Partner Launch With New Sound
SPEAKER_00So it's made by a company called New Sound, um, based in China, and uh uh they launched it early this year in March at the AAA conference. It's the American Audiology Association, if I remember correctly. Um and you know, there were a lot of audiologists who came to try this out. And this is the part where I think is pretty interesting. Uh they walked around you know the show floor, they tried out different AI hearing aids, and then it came to you know our booth, tried this. And then one of the quotes that they said was I walked around, tried a bunch of AI hearing aids, I thought AI was a buzzword. Then it tried this, and they're like, oh, okay, now I finally hear the difference. So with that, I actually want to invite you to come to a demo table downstairs and actually hear this. Another thing I want to note about New Sound is that they got in touch with us like a few months ago, and then they were like, all right, okay, we're interested in your chip, let's try it out, let's build it in. And then they were able to just build everything in in three months, and we're like, whoa, okay, like that's pretty fast. Because if you're familiar with hardware development cycles, it can be really long. So huge kudos to our friends at New Sound. There's gonna be a lot more hearing aids uh
Demos, Next Steps, And Invitations
SPEAKER_00with our chips building coming soon, so there's a little sales pitch. Um, yeah, it'll be fun. And also other devices too. Um all right, and you know, with that, come to the end of the presentation.

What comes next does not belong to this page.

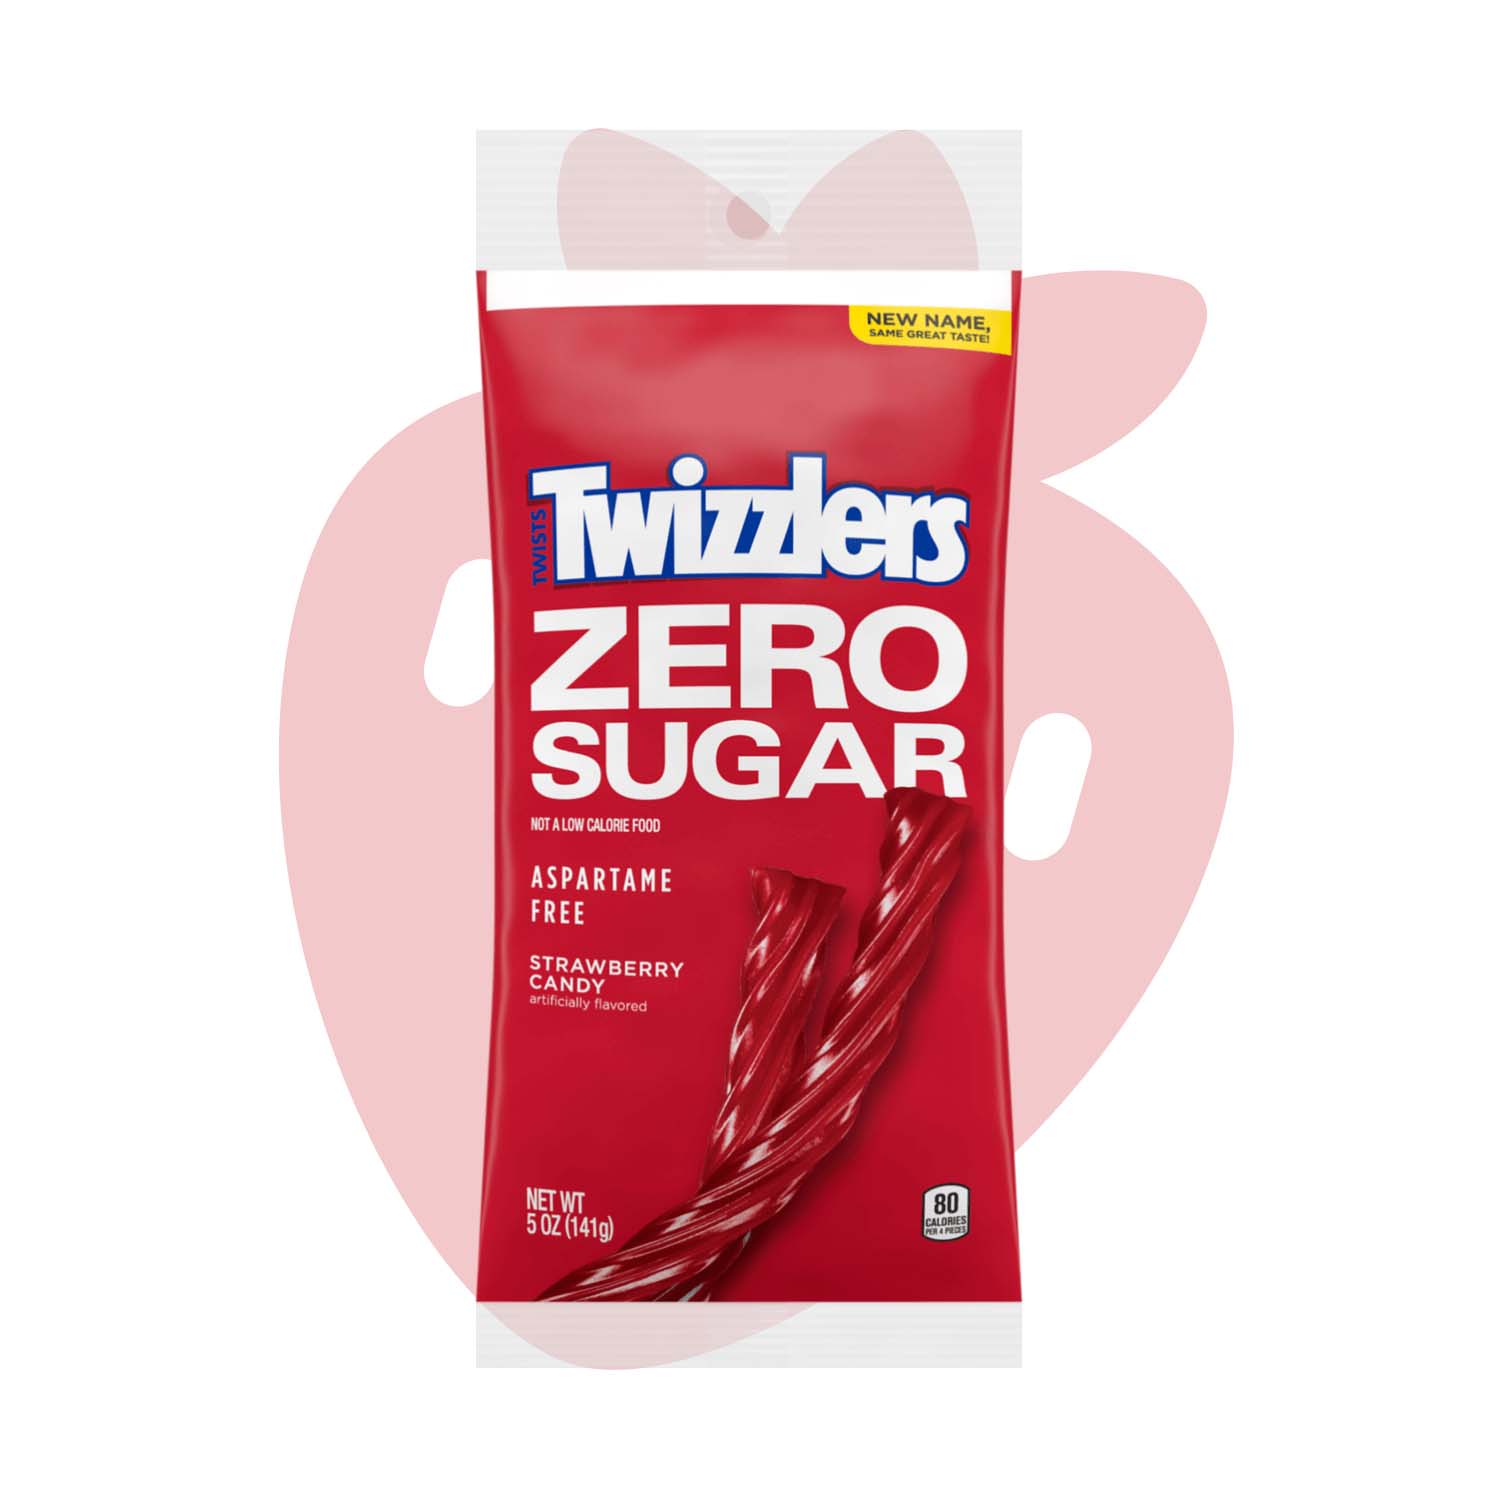 bag of twizzlers zero sugar strawberry flavored twists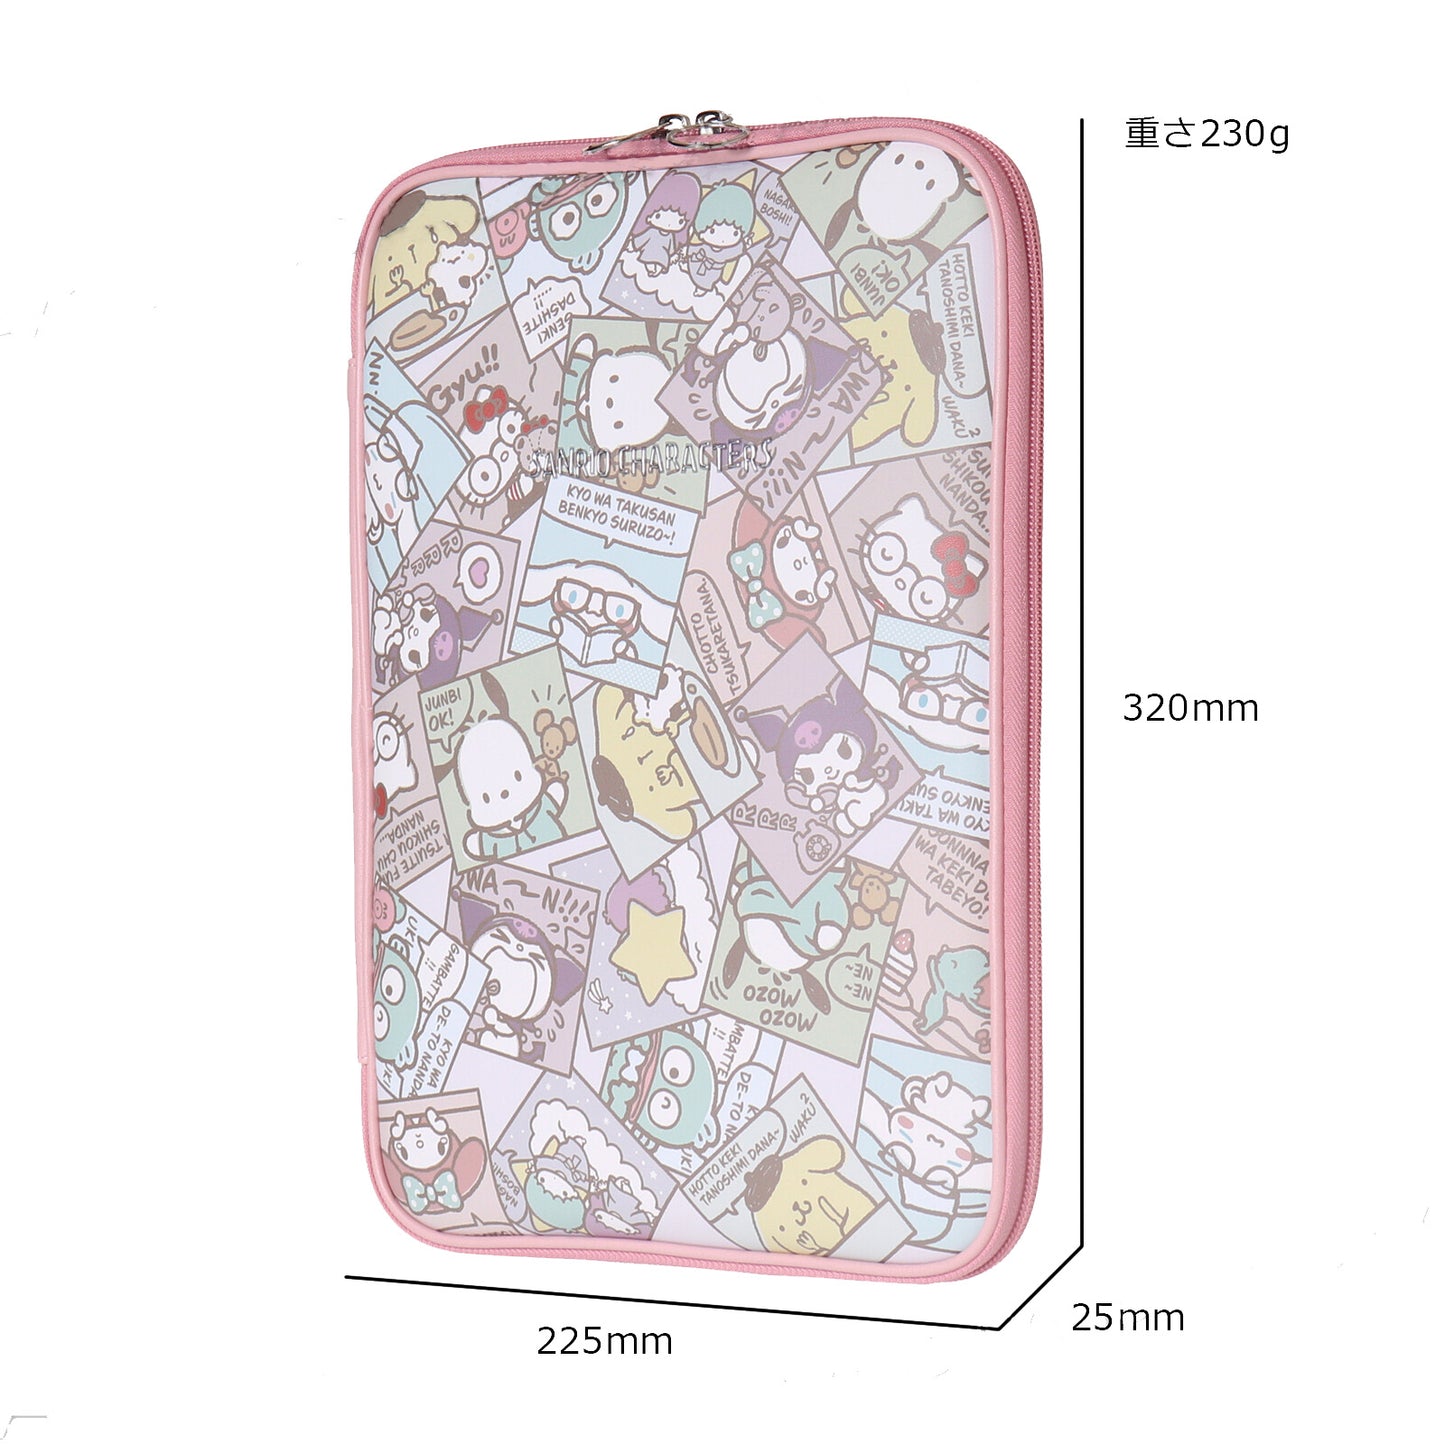 Sanrio Characters iPad/laptop case

Thank you for being here, thank you for listening. Uh just wanna you know share a few other things. So, yeah, please come try out the demo at our demo table. If you know someone who uses hearing aids um or who could benefit from a hearing aid, let me know. We can put you in touch to get one of these, or maybe any other hearing aids and like share more. Uh if you're interested in deploying your own algorithms onto a chip, uh, we do have a developer portal uh that you can go in and then try that. And then finally, uh next week, my colleague John will be giving a talk in Geneva at the AI for good global summit, where he'll be actually talking about the hearing aid and how like edge AI can actually help um you know more people benefit from this technology. So thank you, and now open for questions.